This paper provides some practical guidelines for the design of data mining frameworks. It describes the rationale behind some of the key design decisions that guided the design, development, and implementation of the TMiner component-based data mining framework. TMiner is a flexible framework that can be used as a stand-alone tool or integrated into larger business intelligence (BI) solutions. TMiner is a general-purpose component-based system designed to support the whole KDD process into a single framework and thus facilitate the implementation of complex data mining scenarios
Traditional on-line transaction processing systems, also known as OLTP systems, work with relatively small chunks of data at a time, while on-line analytical processing systems, or OLAP systems, require the analysis of huge amounts of data (Chaudhuri & Dayal, 1997). It comes as no surprise that OLAP systems have very specific needs that conventional application frameworks do not properly address.
This fact has led to the development of data mining (Tan et al., 2006 and Han and Kamber, 2006) and data warehousing (Widom, 1995 and Kimball and Ross, 2002), which try to satisfy the expectations of the so-called knowledge workers (executives, managers, and analysts).
This paper describes the rationale behind some key design decisions that led to the development of a component-based data mining framework called TMiner. As we will see, TMiner can be used as a flexible stand-alone data mining tool, but it has also been designed so that it can be easily incorporated into larger business intelligence solutions.
It should be noted that the tools and techniques TMiner collects somewhat overlap with existing Machine Learning algorithm collections, such as Weka (Witten & Frank, 2005). However, TMiner is more that a mere collection of independent algorithms for data mining tasks that can be directly applied on prepared datasets or invoked from your own code.
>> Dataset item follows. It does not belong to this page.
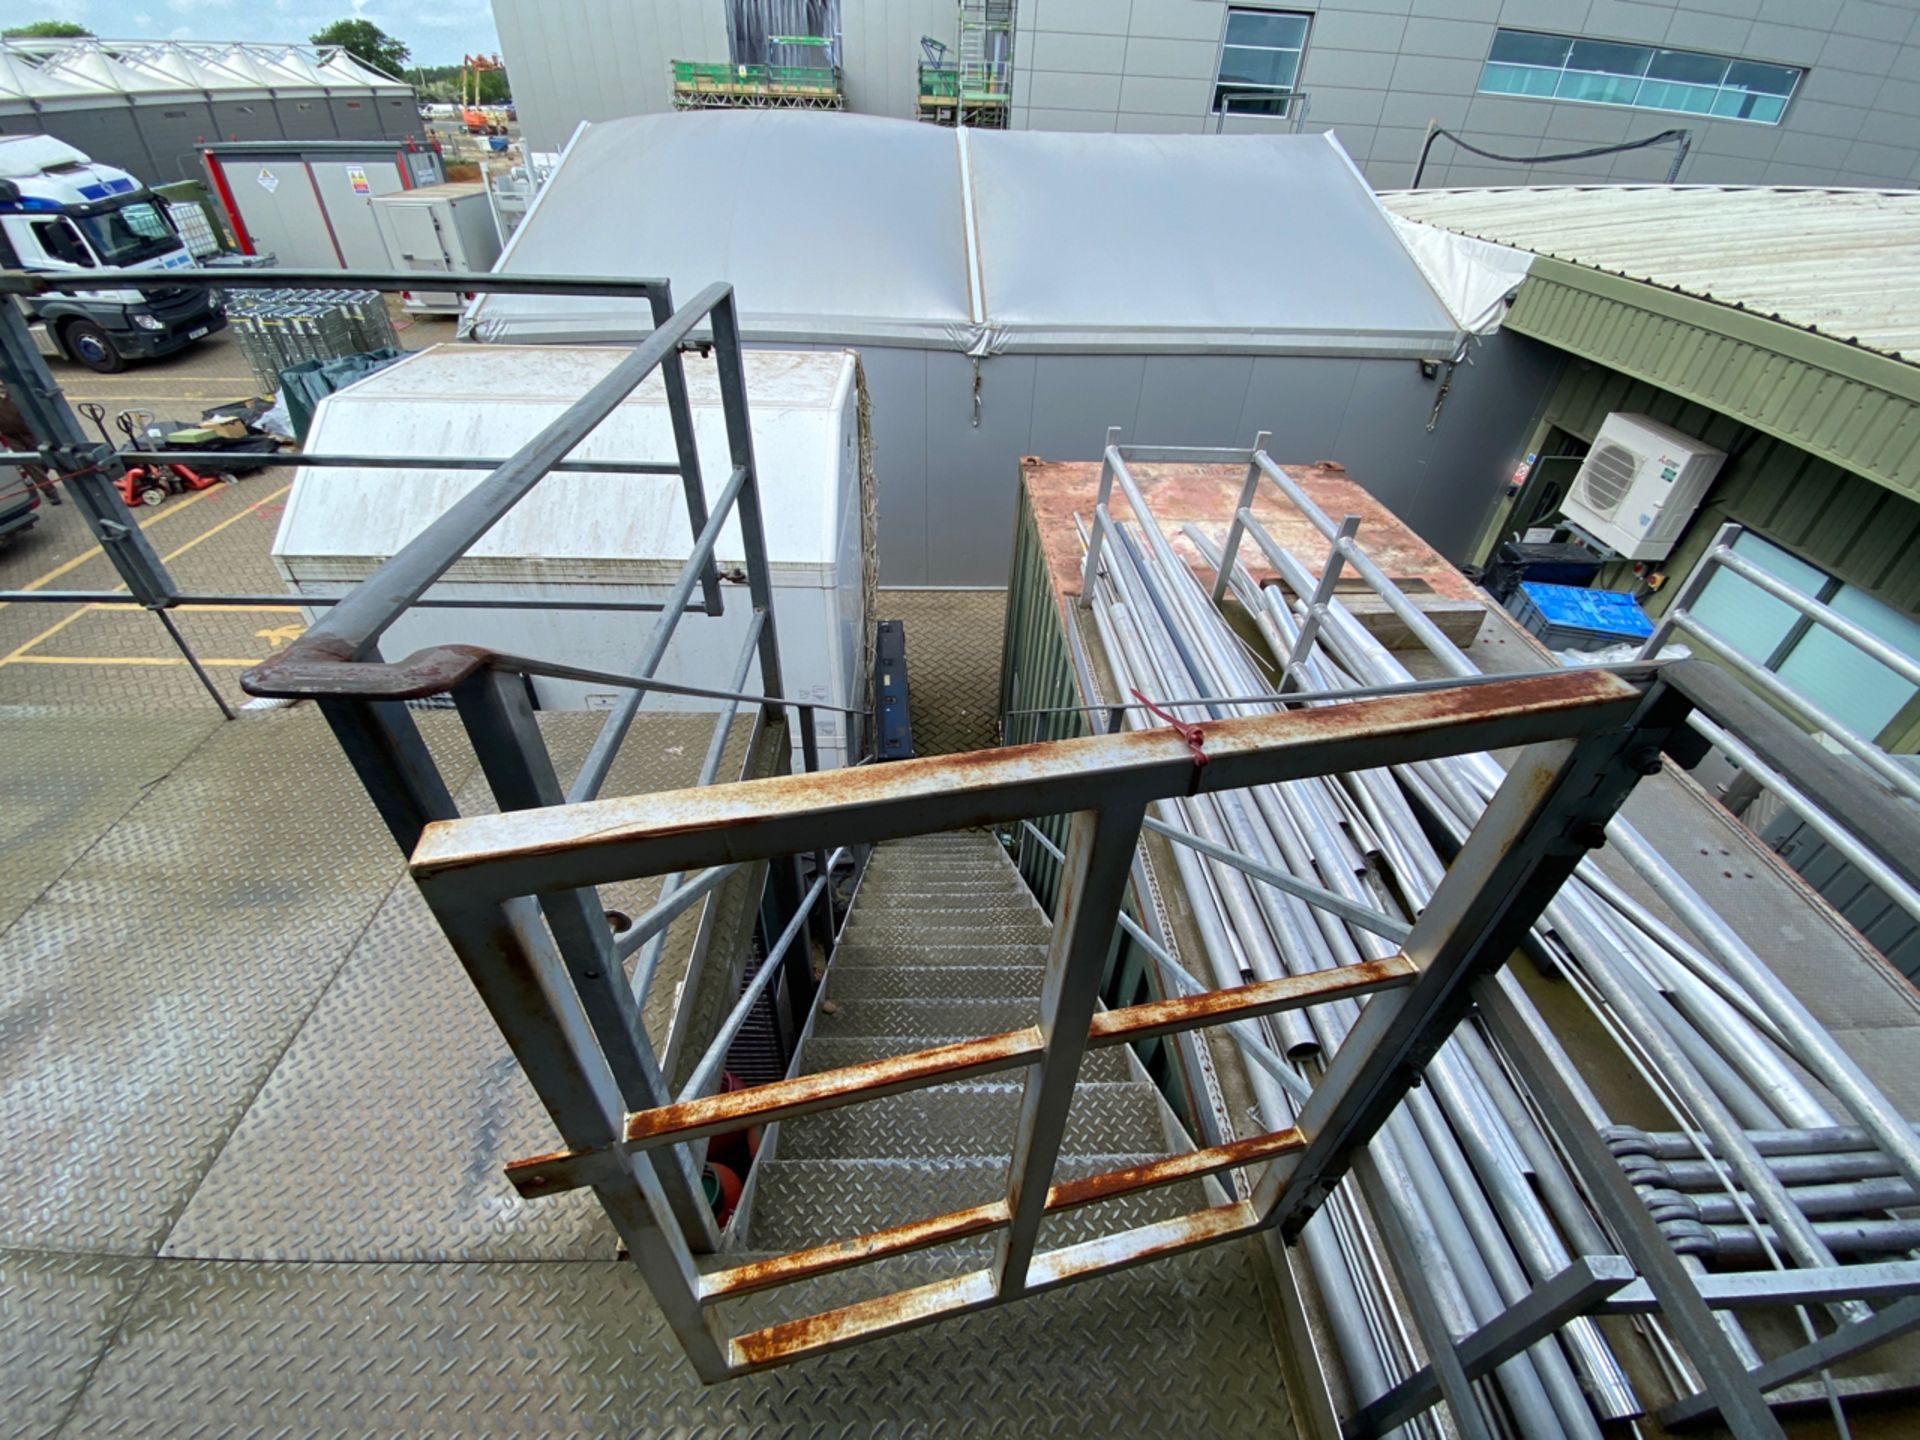 Loading Platform with Staircase - Image 8 of 10

Some open-source and commercial data mining libraries (Prudsys, 2008 and Rapid-I, 2008) include facilities for their integration into actual enterprise systems. TMiner also provides usage modes specially designed for its tight integration into larger solutions.
TMiner is a general-purpose component-based system designed to support the whole KDD process into a single framework and thus facilitate the implementation of complex data mining scenarios. In this sense, TMiner is designed to be useful in a wide variety of application domains, in sharp contrast to domain-specific data mining systems such as iKDD or SA. While the interactive knowledge discovery and data mining system, iKDD, was designed for particular bioinformatics-related problems (Etienne, Wachmann, & Zhang, 2006), Perttu Laurinen’s Smart Archive, SA, has been proposed for implementing data mining applications using data streams (Laurinen, Tuovinen, & Roning, 2005).
The rest of our paper is organized as follows. Section 2 describes the architectural design of the TMiner framework and its component model. Section 3 describes the facilities TMiner offers for different usage scenarios, from the casual user who wants to perform simple data analysis tasks and the researcher who needs a more thorough experimentation, to the systems integrator who needs to incorporate data mining features into final solutions. Finally, Section 4 concludes our paper with some comments on the current status of TMiner and our expectations for its future.